The changing digital faces of science museums

A diachronic analysis of museum websites

Anwesha Chakraborty and Federico Nanni

Introduction

In recent years, web history (Brügger, 2010) has started to receive substantial attention in internet studies and digital humanities, and its theories and methods have been applied to political science research (e.g. Ben-David, 2015; Foot, Schneider, Dougherty, Xenos, & Larsen, 2003) as well as cultural and social history (e.g. Milligan, 2015). Inspired by this academic development, this chapter is intended to be a starting point to discuss how prominent scientific institutions develop their websites over a period of time to communicate better with their visitors. More specifically, this work presents the formulation of a methodology for using websites as primary sources to trace and examine activities of scientific institutions through the years.

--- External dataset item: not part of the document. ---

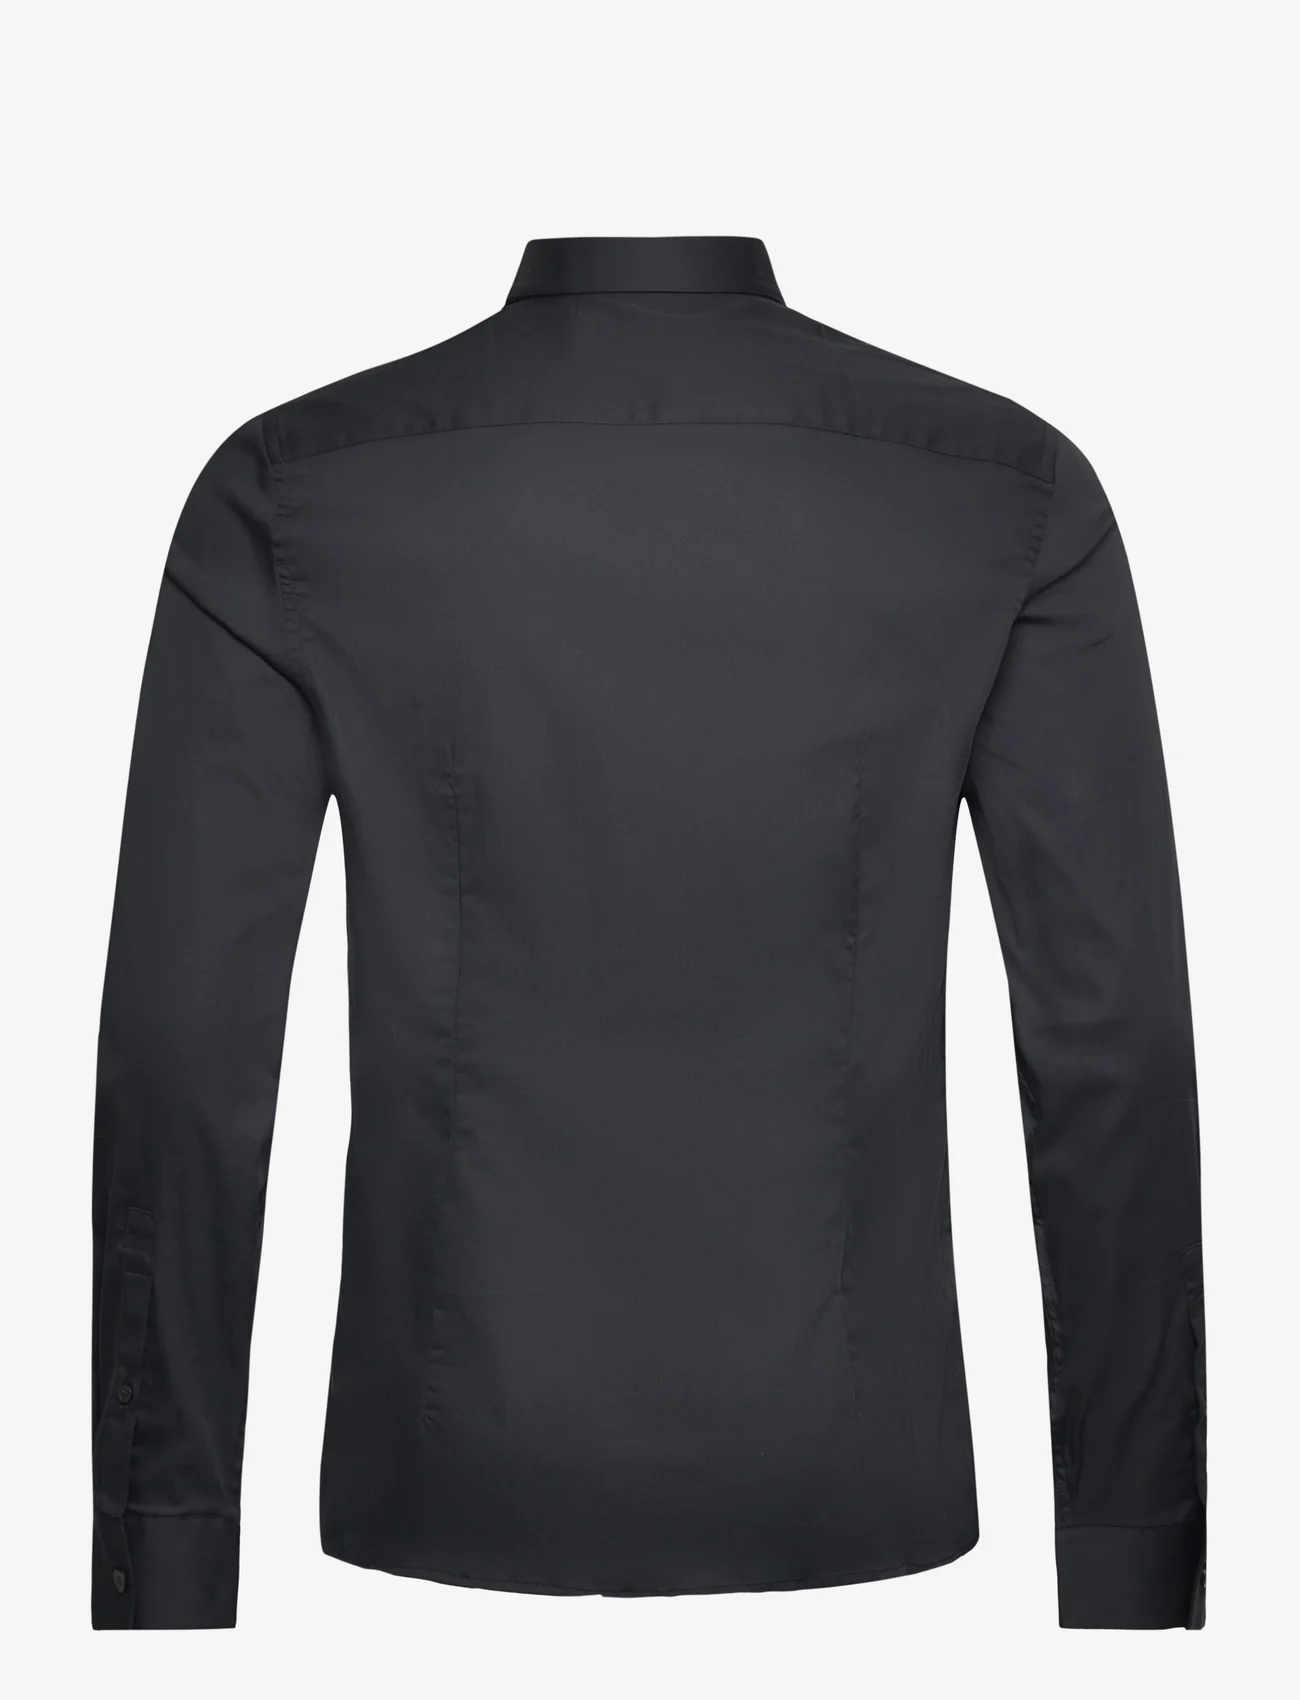 Mango - Super slim-fit poplin suit shirt - basic skjortor - black - 1
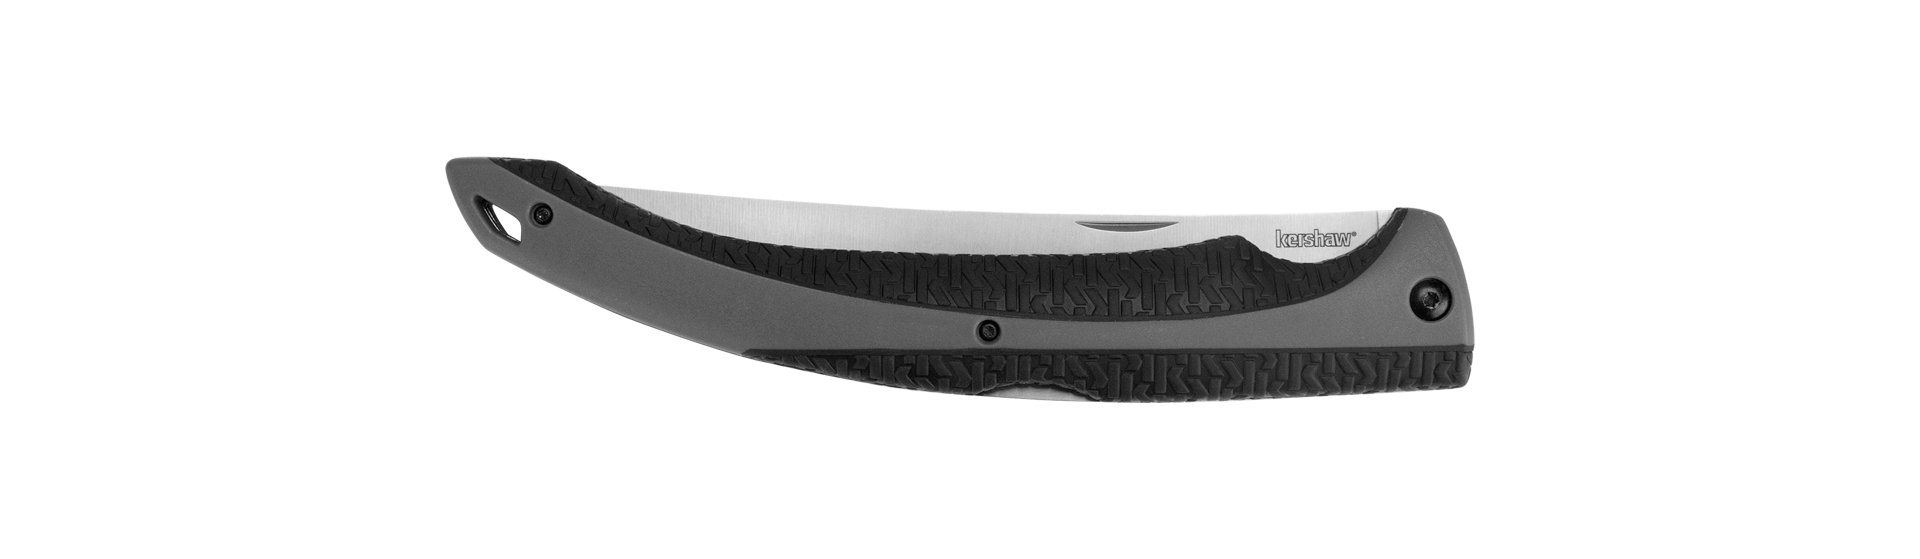 Kershaw Folding Fillet Folding Knife by Kershaw Originals

This is achieved in three steps: first, we diachronically analyse snapshots of pages of select museum websites from the Internet Archive, the most important and comprehensive web archive (Howell, 2006).1 Then, we combine this analysis with interviews of the current website managers and with resources available on the live web.

The choice to study museums was prompted by the fact that these institutions are perceived by the civil society as authoritative custodians of artifacts, culture and heritage. This is true for science and technology museums as well, which have the additional task of communicating specialised (and often less understood) branches of knowledge. In...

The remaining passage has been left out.